====== Recorded data

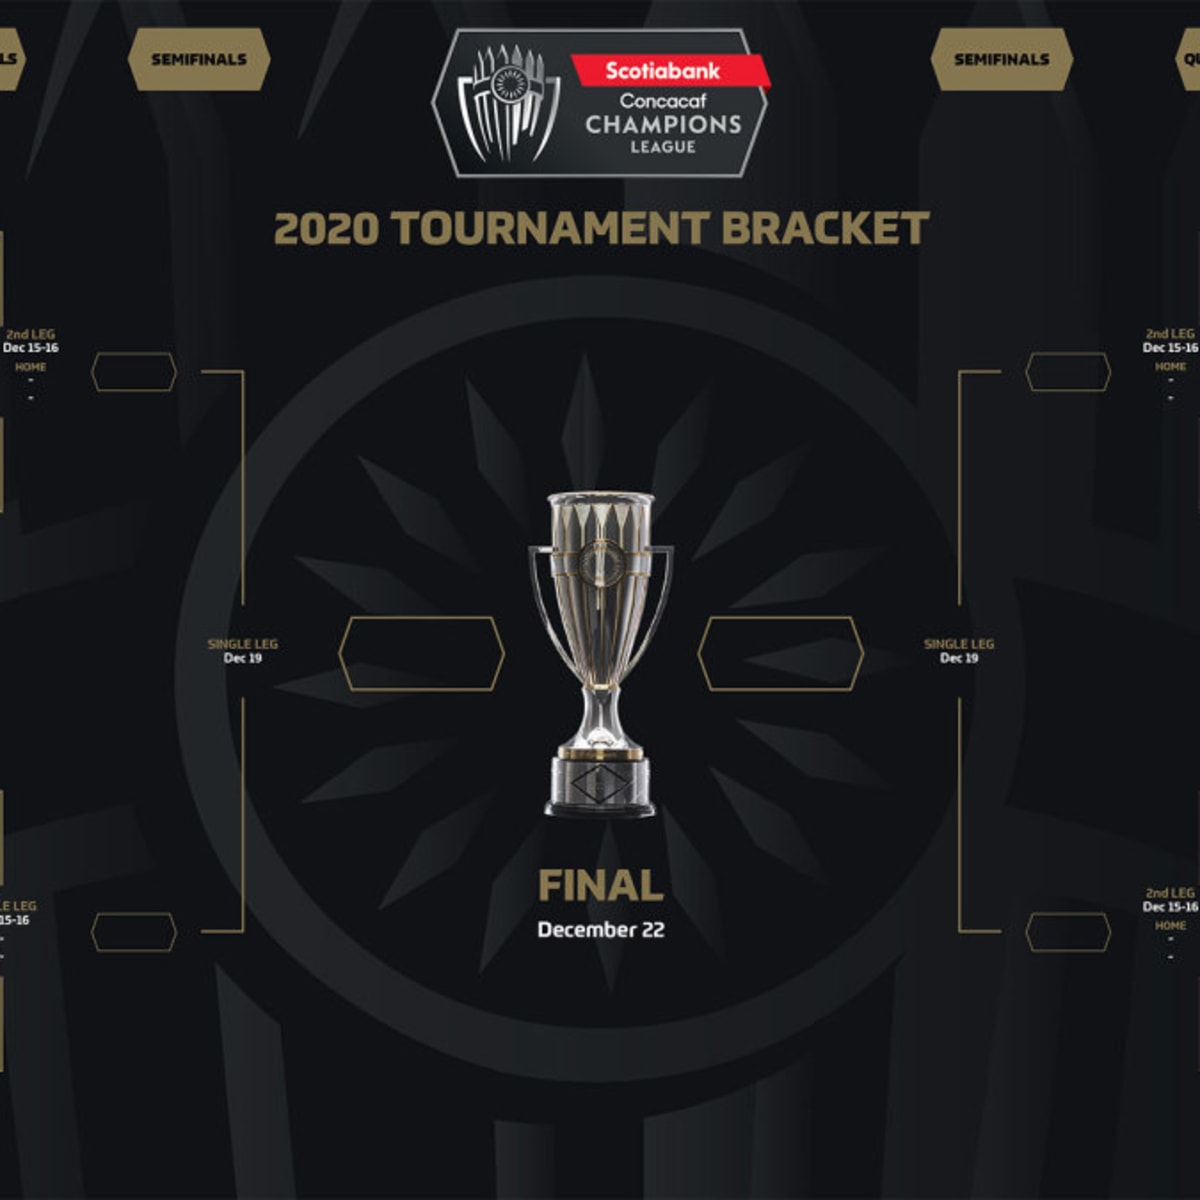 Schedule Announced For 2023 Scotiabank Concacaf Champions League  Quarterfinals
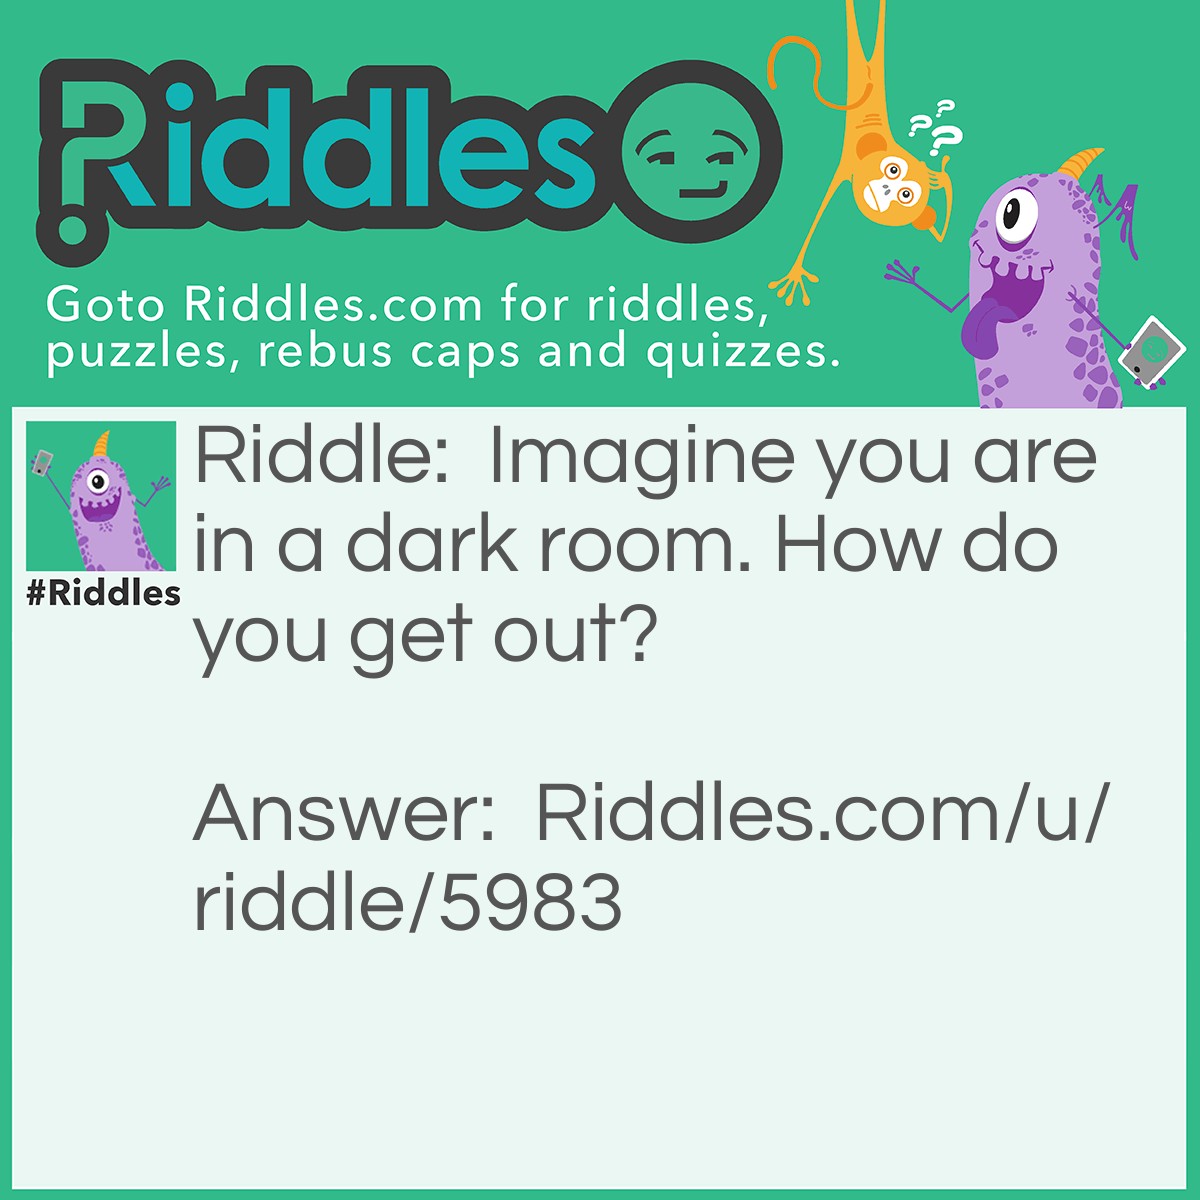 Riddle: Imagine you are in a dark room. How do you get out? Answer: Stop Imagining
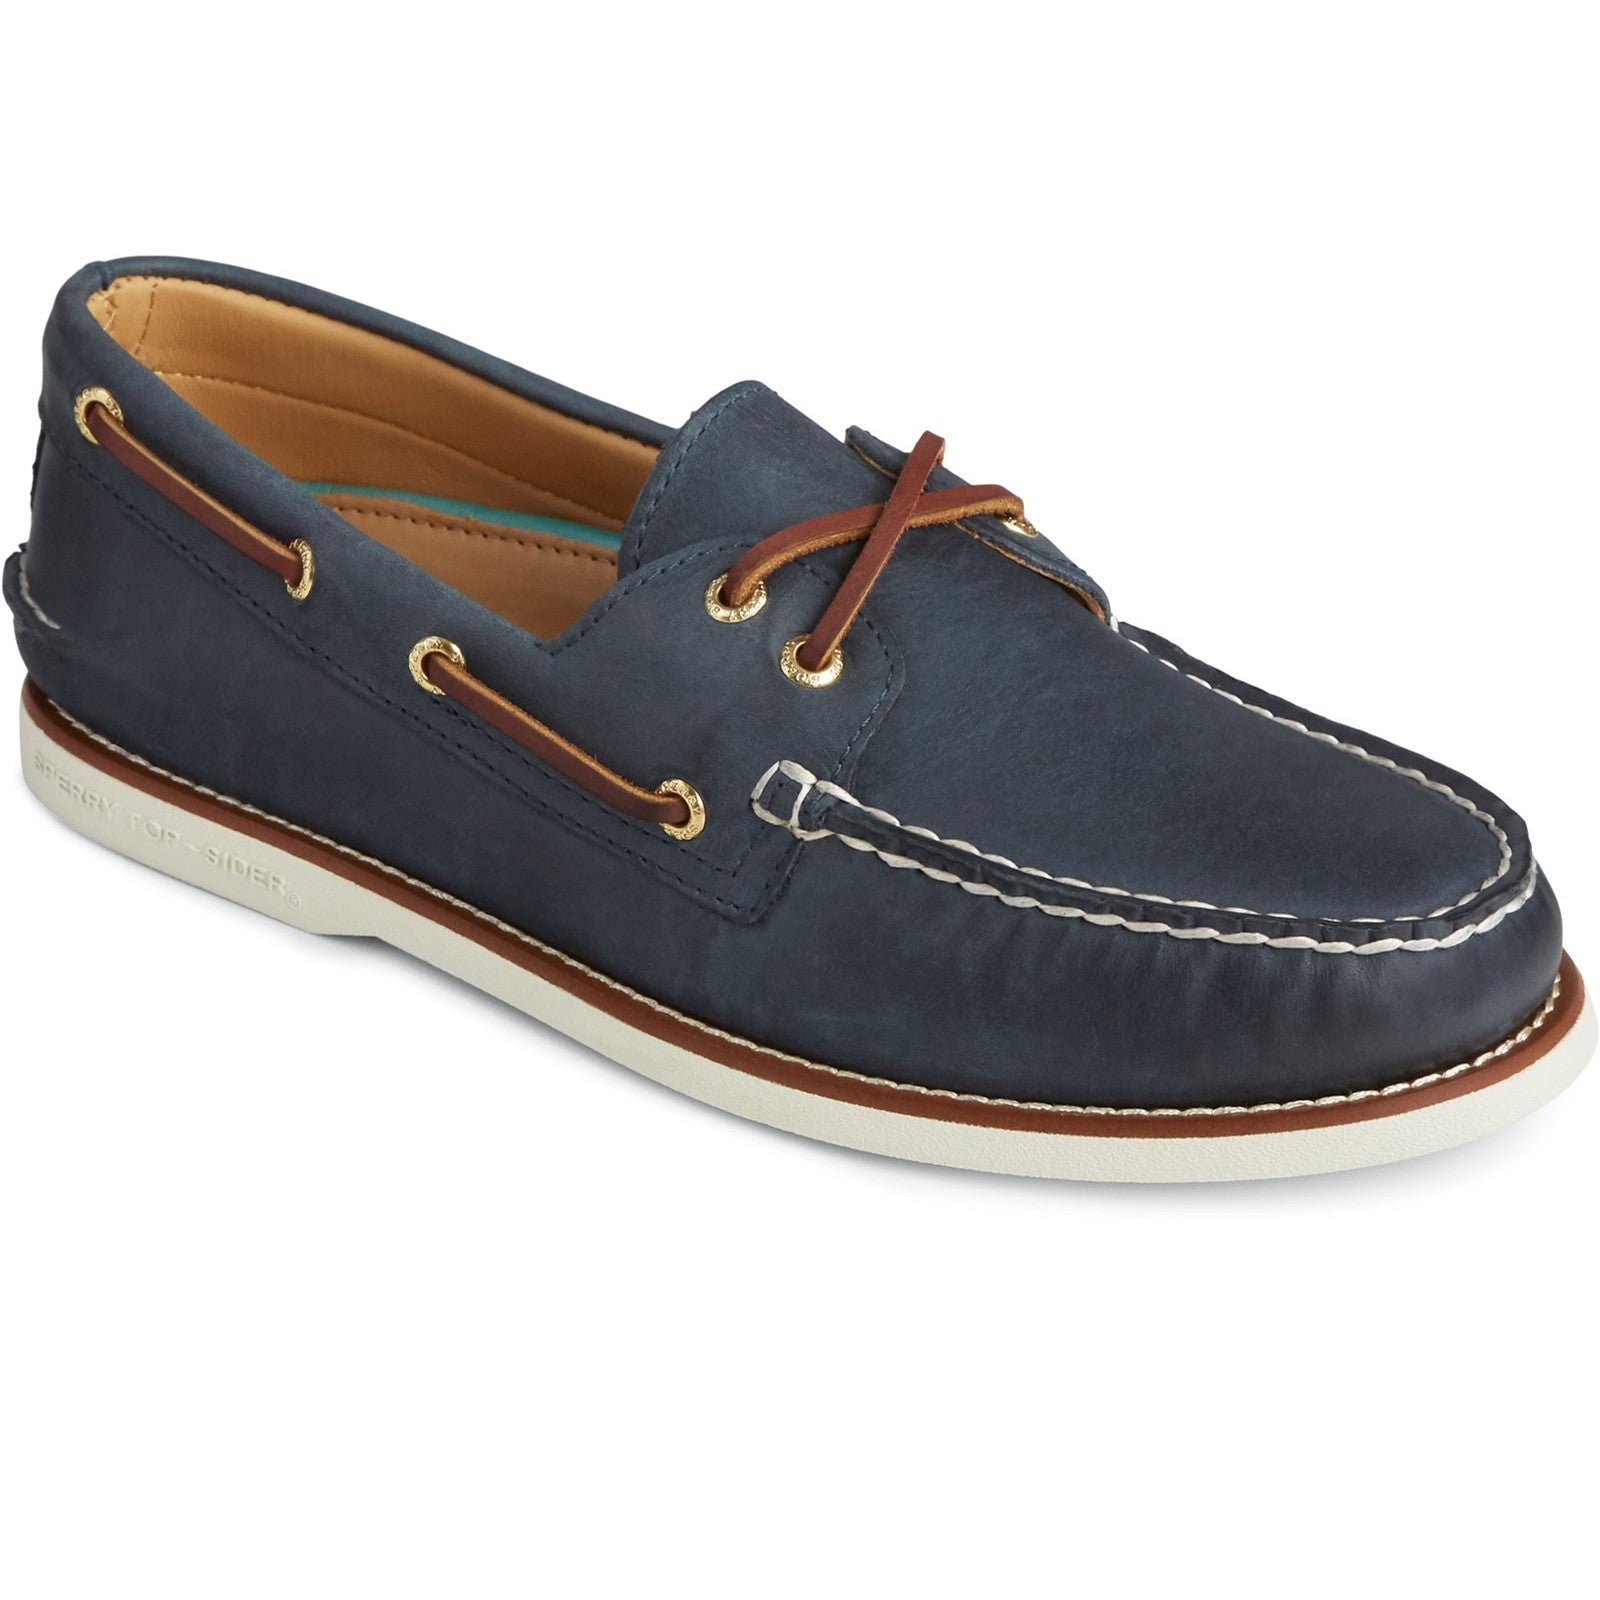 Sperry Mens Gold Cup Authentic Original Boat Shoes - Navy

============

== What needs to be done ==
Every line of the material must be repeated exactly; pictures stay out.

== Solution for this exercise ==
 Schedule Announced For 2023 Scotiabank Concacaf Champions League  Quarterfinals
 Riddle: Imagine you are in a dark room. How do you get out? Answer: Stop Imagining
 Sperry Mens Gold Cup Authentic Original Boat Shoes - Navy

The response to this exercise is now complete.